Benchmarking with existing tools
We run NOVOPlasty  with default parameters, using the same reference sequence employed for mitoVGP as bait, and trimming 10× datasets using proc10xG with the -a option (https://github.com/ucdavis-bioinformatics/proc10xG). Following NOVOPlasty authors’ suggestion and in order for the results to be comparable to mitoVGP assemblies, the entire short-read set was employed. Despite the fact that both mitoVGP and NOVOPlasty assemblies run on machines with 32 cores and 383 GiB of memory, in the case of NOVOPlasty the large size of VGP datasets often led to memory issues as all the reads have to be simultaneously loaded into a hash table. Assemblies that initially failed with NOVOPlasty were rerun on two fat nodes, each with 64 cores and 1.534 and 3.096 TB of memory respectively, narrowing down to four the number of failed assemblies due to reproducible internal errors (European Toad, Eurasian blackcap, cow, Canada lynx). Among the successful assemblies, one assembly (Anna’s hummingbird) was made of multiple contigs < 3 kbp and < 90% identity with the reference, one assembly (stoat) was made of multiple contigs with no identity with the reference, and one assembly (common pipistrelle) was made of a single 253 bp contig. These results were likely due to the inability of NOVOPlasty to identify an appropriate seed, and these assemblies were excluded from downstream analyses.

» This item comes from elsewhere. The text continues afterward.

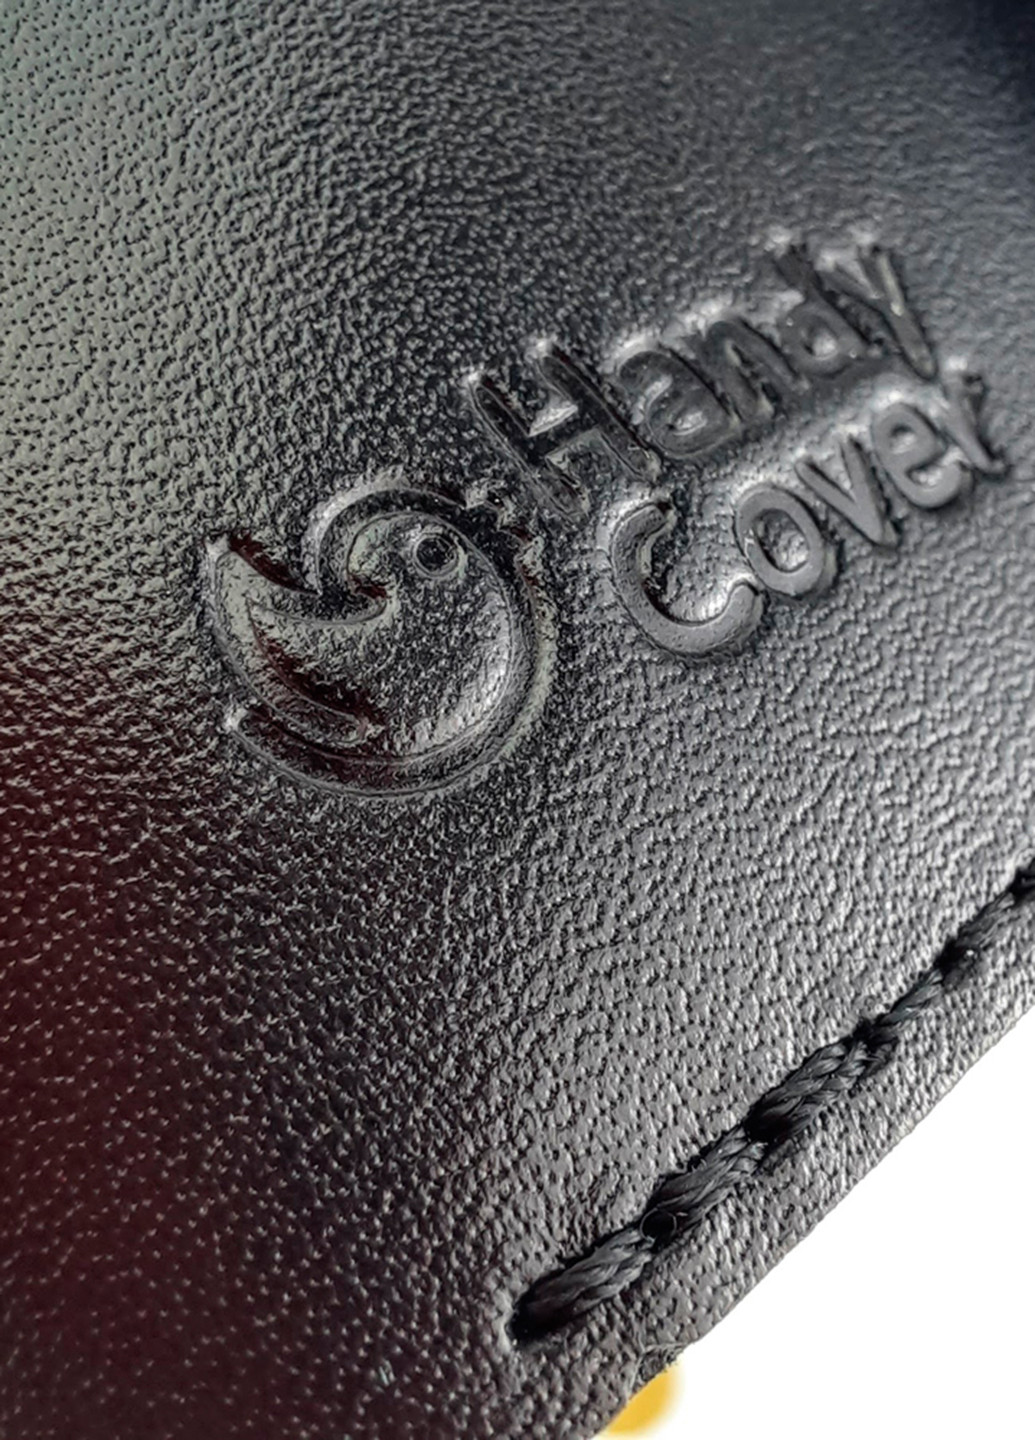 Женский кожаный кошелек маленький на кнопке HC0062 черный HandyCover однотонный чёрный деловой

In all datasets, genes were annotated using MITOS v2.0.6 (https://gitlab.com/Bernt/MITOS) , with default parameters. For the VGP and Genbank/RefSeq comparison, since MITOS may sometimes generate two contiguous annotations out of a single gene, the annotations were manually curated to identify real missing genes and gene duplications. Duplications were considered complete if they overlapped in length at least 95% with the original gene (Additional file 2: Table S1, column AL). Simple and tandem repeats were annotated using WindowMasker v1.0.0, with default parameters. K-mers were counted combining both the mitoVGP assembly and its Genbank/RefSeq or NOVOPlasty counterpart, and the difference in repeat representation between the two datasets was measured as the difference in the number of bases annotated as repetitive for each species.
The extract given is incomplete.